さて私ごとながら、11月の下旬から2週間少々体調を崩しました。第1週は喉の痛み程度だったのですが、以降は39 ℃台の発熱や咳など、本格的な風邪をひいてしまいました。検査によるとインフルエンザや新型コロナではなく、症状を抑える薬を飲んで耐える日々でした。いっそのことインフルエンザであれば、イナビルを吸って翌日から解熱、という楽な経過だったのではないかと思っています。それに、インフルエンザというのが分かれば診断書を書いてもらえる。実は風邪のせいで薬理学の試験や病理学の実習を欠席しまして、特に試験などというのは、正当な欠席であることを証明できれば追試験*2を受けられるのです。しかし、私の場合は診断書などありませんから、「診療明細なら手元にあるがこれで本当に病欠だったと認められないか」と事務に聞いてみましたが、はいともいいえともない曖昧な返答に終わり、再試験を受けることになりそうです。教授はともかく、事務はとあるネットミームの如く......ということでございますね。
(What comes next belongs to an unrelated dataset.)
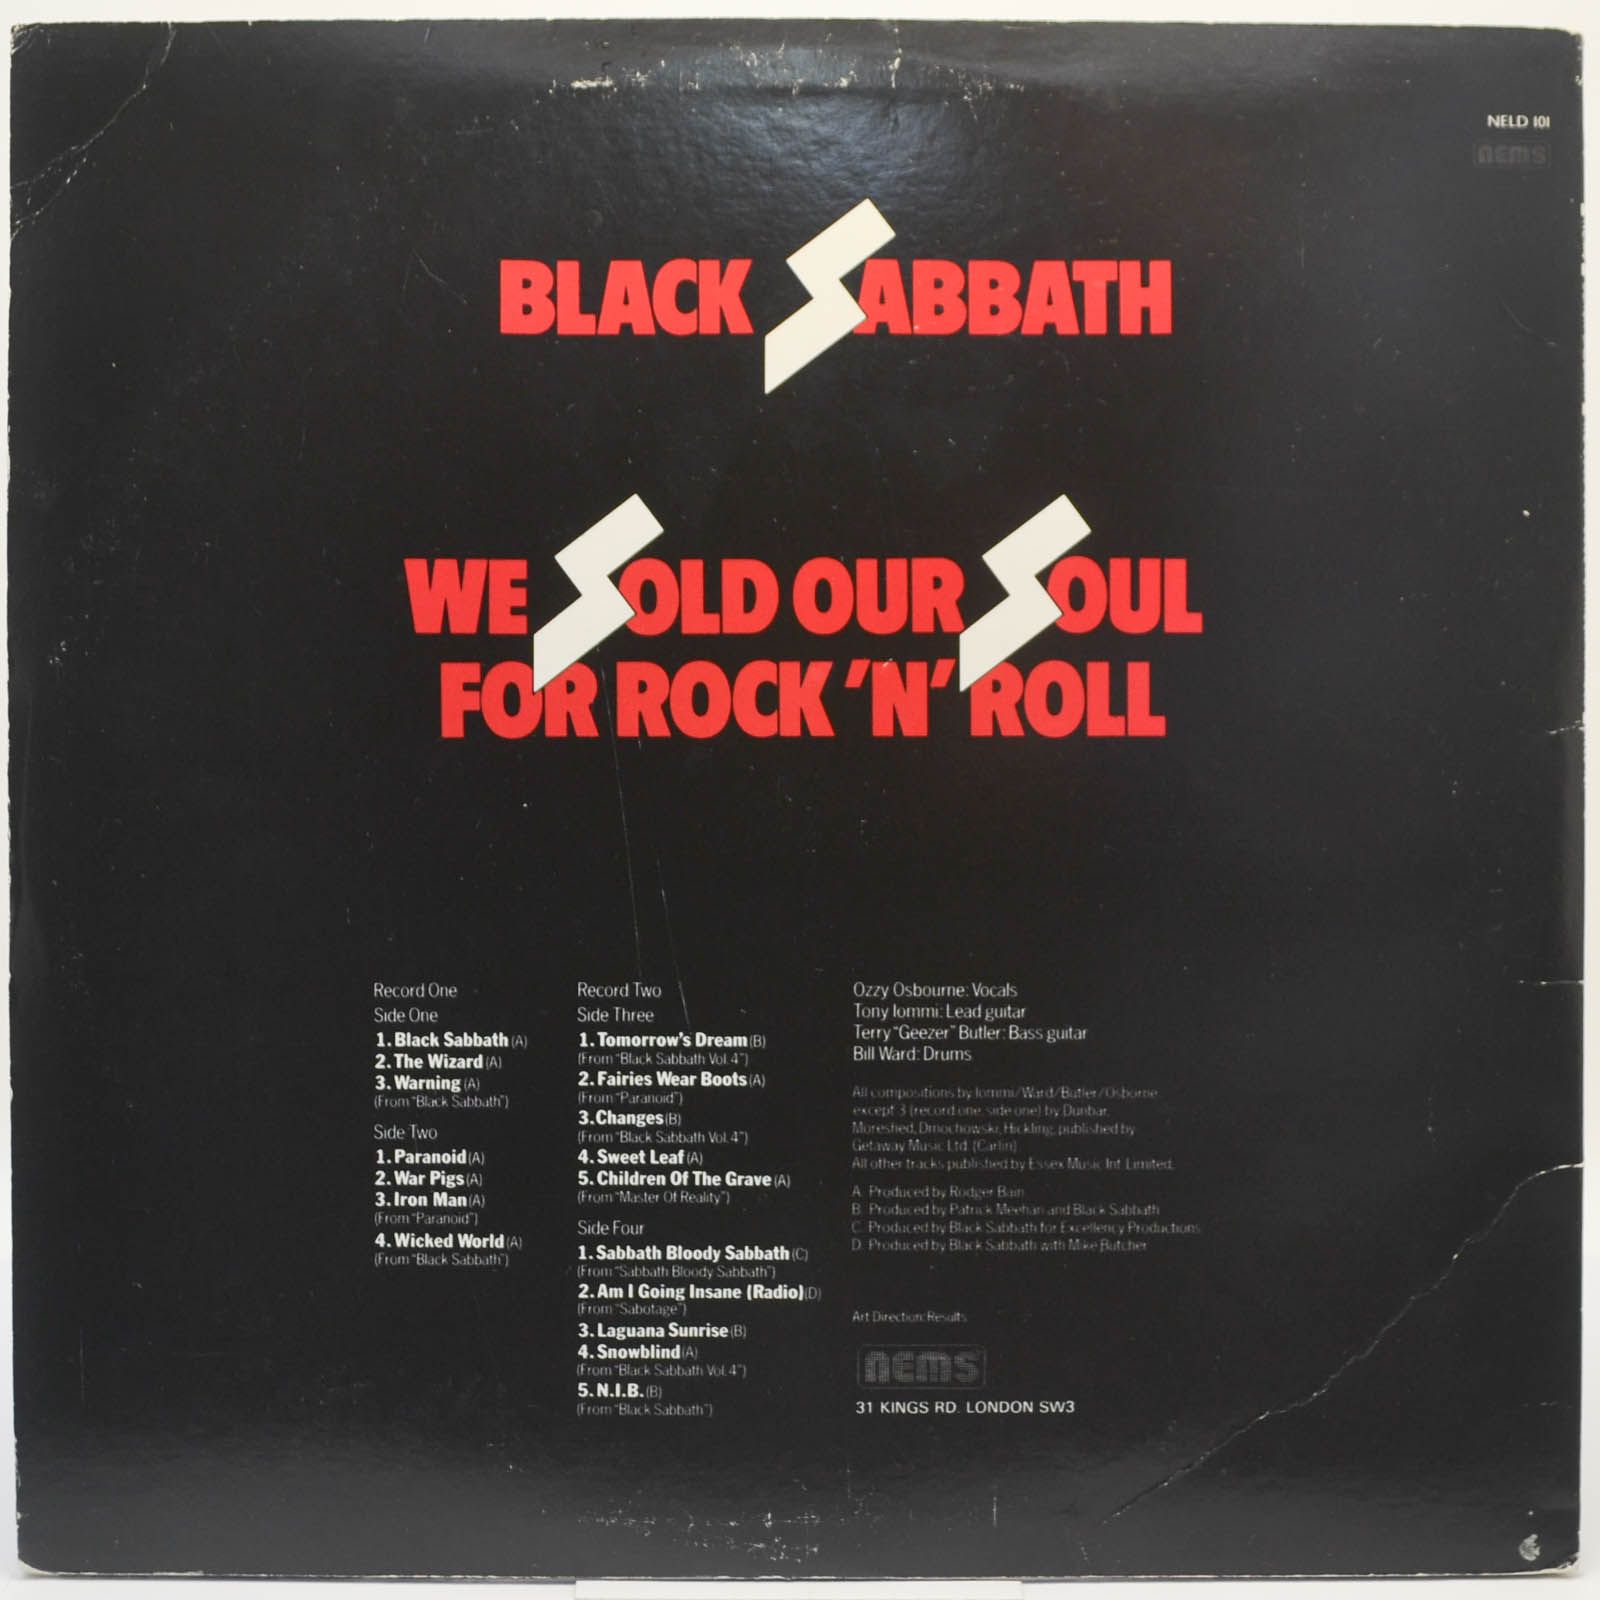 Black Sabbath — We Sold Our Soul For Rock 'N' Roll (2LP, UK), 1975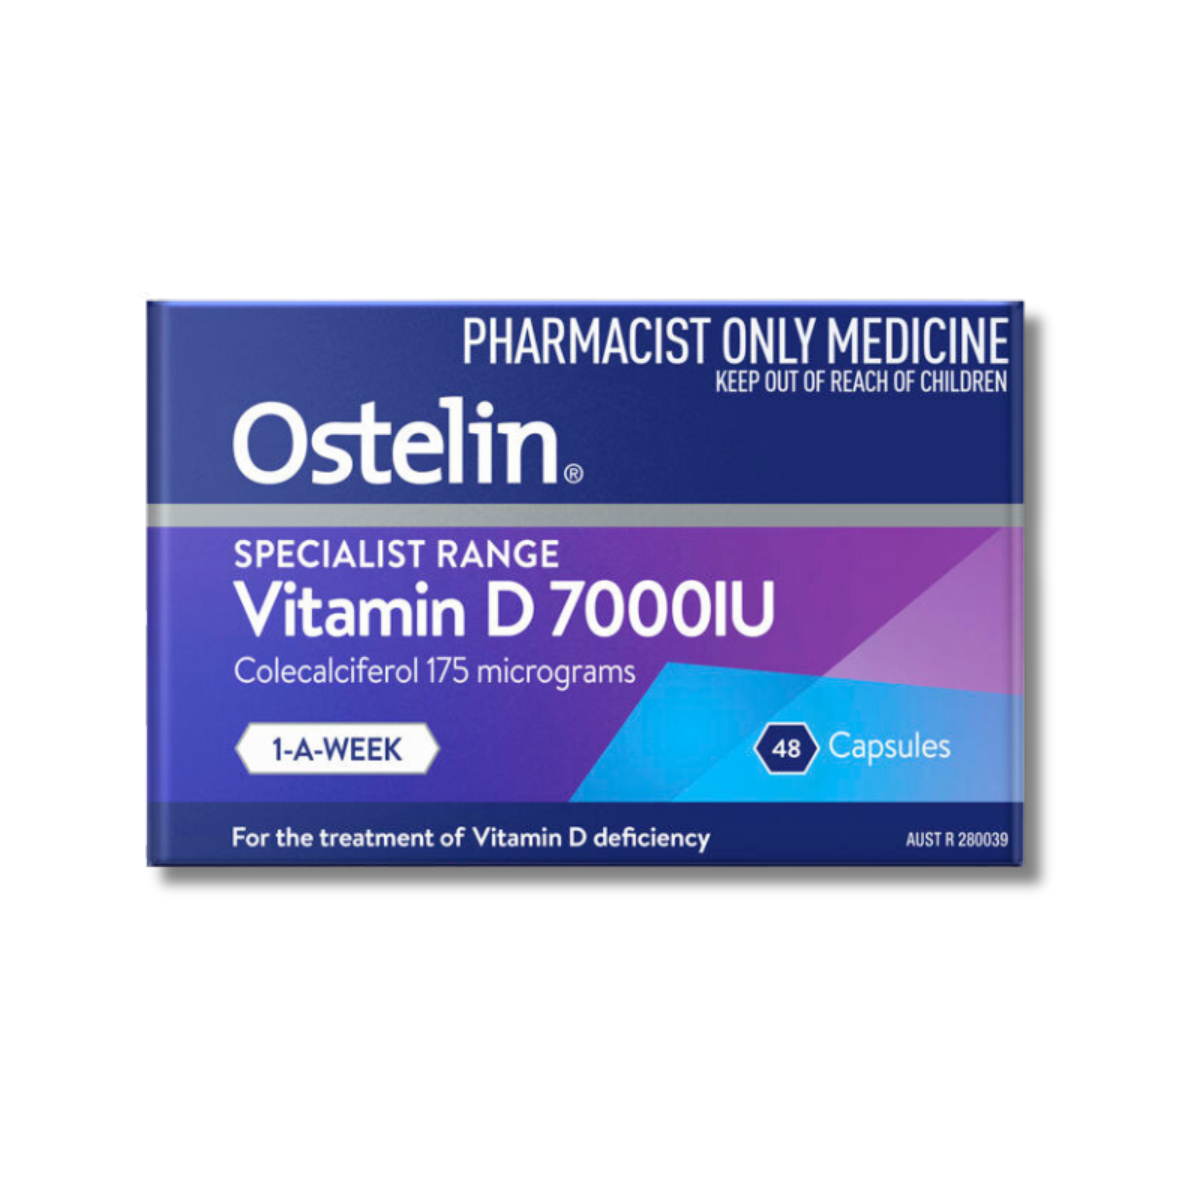 Ostelin Specialist Range Vitamin D 7000IU 45 Capsules

1年も過ごせば諦めがつくものです。

このような、高熱にうなされたり試験の心配をしたりという日々では、思考は自ずとネガティブな方向に進むものです。よくある病態ではありましょうが、私も「医学部向いてない症候群」を発症してしまいました。今では症状が改善してきましたが、そもそもの問題として、バイト先では生徒の先輩としての振る舞いを求められ、大学のネガティブキャンペーンなどできないという制約が負担になっているように思われます。そこでこの機会に、勉強に対する本音の8割ほどを公開してしまおうと思うのです。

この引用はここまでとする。